Voltando para o consultório, depois de ouvir a citação inicial, comecei a questionar se o(a) analista estava olhando, observando ou reparando em mim. Fiquei calada uns instantes. Ele(a) bocejou. Acho que estava apenas me olhando. Eu sou uma paciente difícil, fico observando e reparando o(a) analista, no lugar de me permitir ser o objeto de estudo. Respondi: "Você acha que eu me trato bem?" Eu sabia que ele(a) iria devolver a pergunta. Acertei. "Você acha que você se trata bem?" Tive vontade de rir. Respondi: "Não confio muito nos meus critérios, mas tento buscar boas referências. Você já leu Cecília Meireles?" Ele(a) bocejou de novo. Passou o dia ouvindo outras pessoas reclamarem da vida. Agora, a última paciente perguntando de Cecília Meireles, fugindo da análise. O seu bocejo estava justificado e perdoado. Encerrei a sessão um pouco mais cedo, alegando um compromisso. Levantei e parti.

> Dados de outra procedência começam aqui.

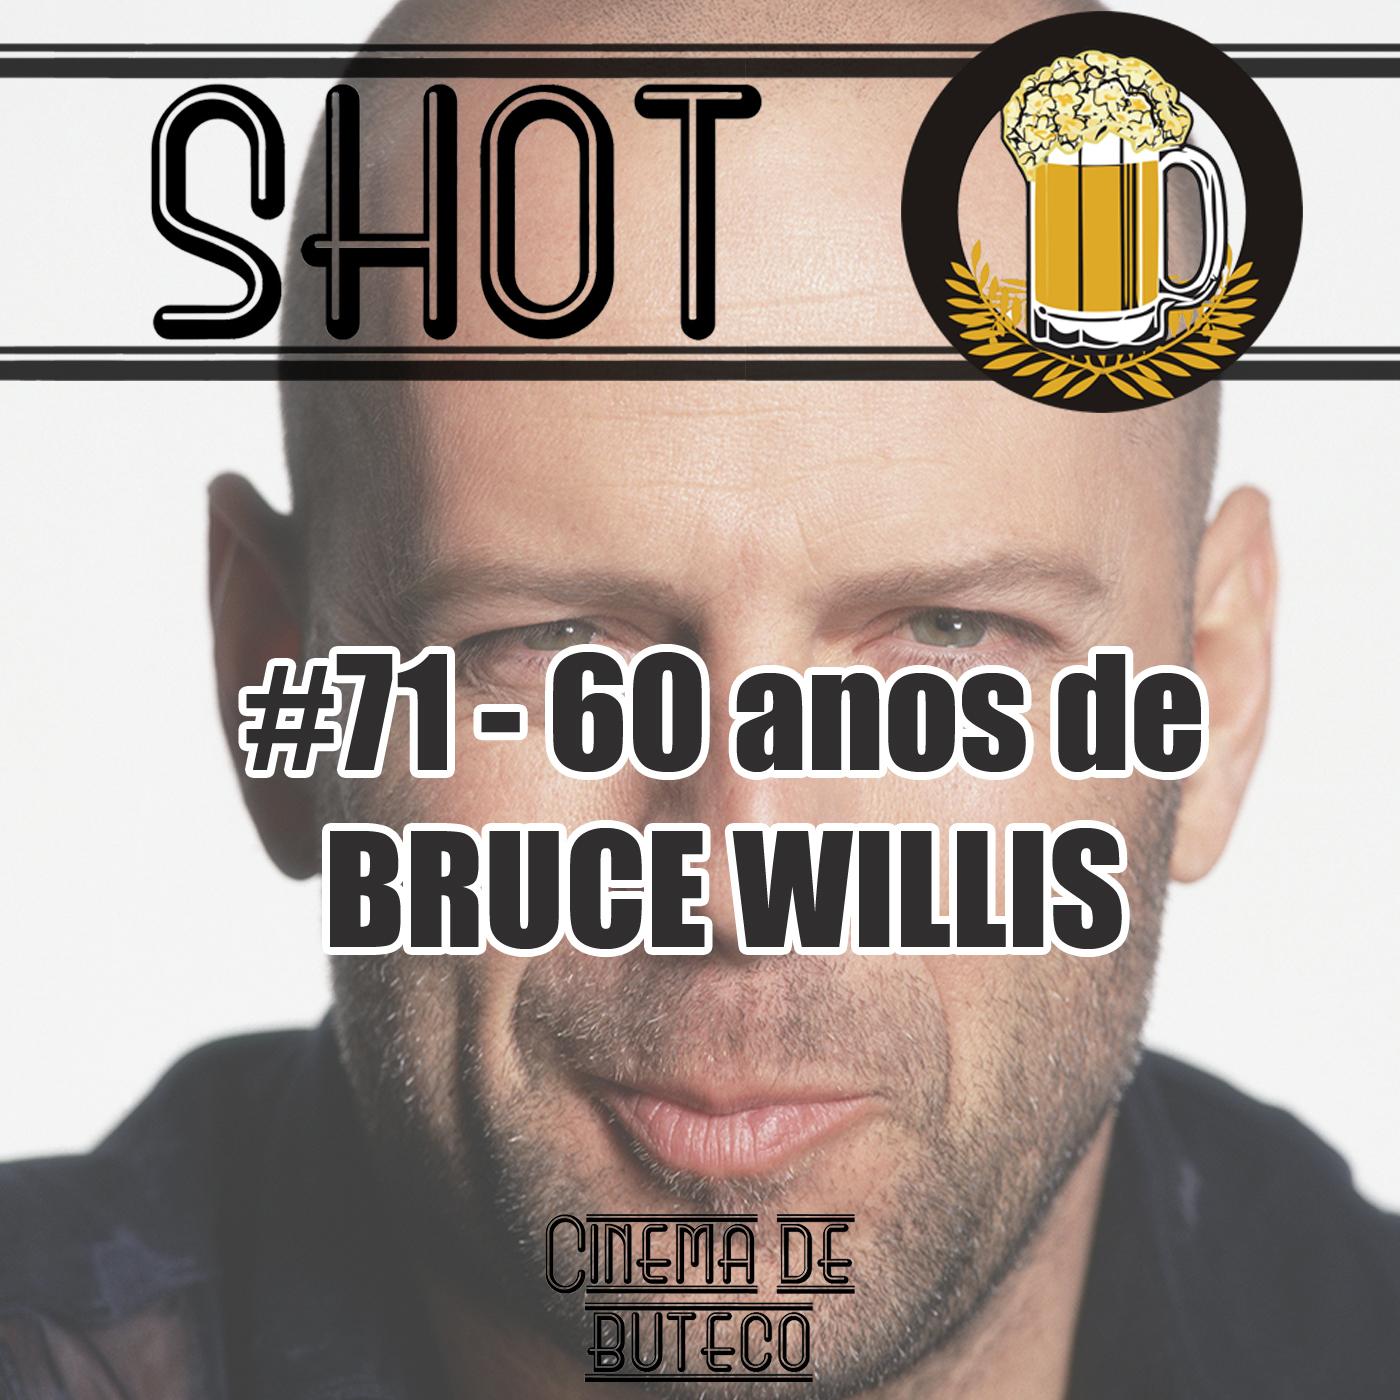 Shot71-BruceWillis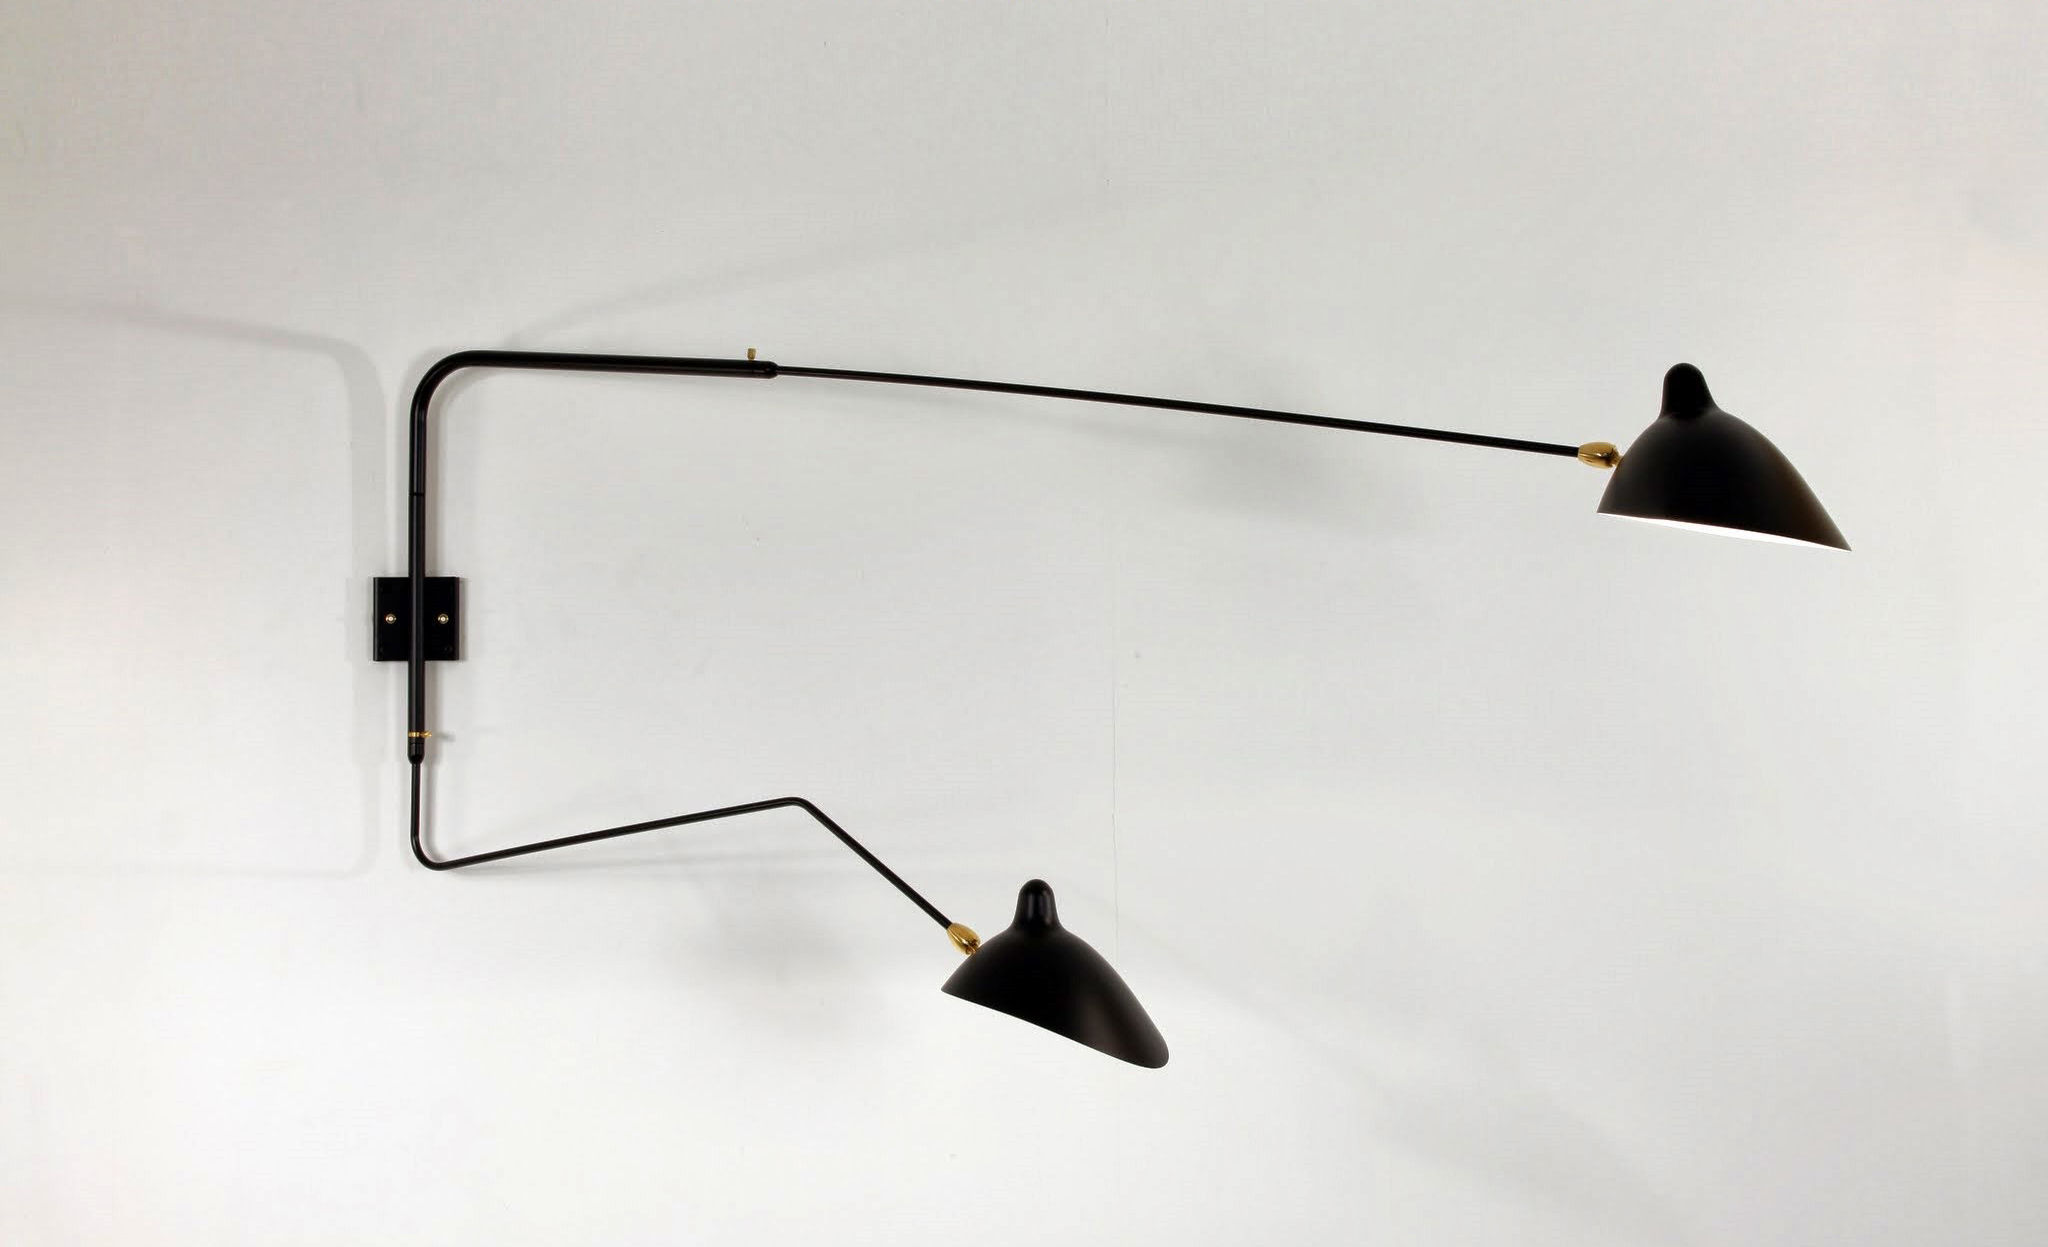 Applique bras serge mouille noir made in design

Também adoro poemas, portanto, passei a investir em sessões de análise assíncronas, quase mediúnicas, com Luís de Camões, Fernando Pessoa, Cecília Meireles, Cora Coralina, Adélia Prado e Carlos Drummond.
Imagino todos juntos em uma sala, conversando sobre as moléstias da vida, pauta de quase todas as sessões de terapia.
Começa o Carlos, queixando-se da gauchisse.
Drummond: "Eu não devia te dizer
mas essa lua
mas esse conhaque
botam a gente comovido como o diabo".
Fernando e todas as suas demais personalidades pediram um pouco de sossego, não estavam com ânimo de filosofar. Segundo o horóscopo de todos: era dia de ócio.
Pessoa: "Sim, mas agora,
Enquanto dura esta hora,
Este luar, estes ramos,
Esta paz em que estamos,
Deixem-me me crer
O que nunca poderei ser".
Cecília tentava consolar os colegas, ela já estava liberta pela resignação assumida.
Meireles: "Não te aflijas com a pétala que voa:
também é ser, deixar de ser assim".
Adélia divergia da galera, com elegância, classe e caridade cristã, tinha esperança.
Prado: " -- dor não é amargura.
Minha tristeza não tem pedigree,
já a minha vontade de alegria,
sua raiz vai ao meu mil avô.
Vai ser coxo na vida é maldição pra homem.
Mulher é desdobrável. Eu sou".
Luís se manifestou bocejando, apenas para relembrar que aquela melancolia toda não tinha nada de original, desde o século XVI já estava registrada em versos.
Camões: "Do mal ficam as mágoas na lembrança,
E do bem, se algum houve, as saudades".
Nessa hora, chegou Cora, com um bolo quentinho para servir. Pensando em adicionar um pouco de glicose alegre no sangue daqueles rapazes tristes.
Coralina: "Faz de tua vida mesquinha um poema. E viverás no coração dos jovens e na memória das gerações que hão de vir".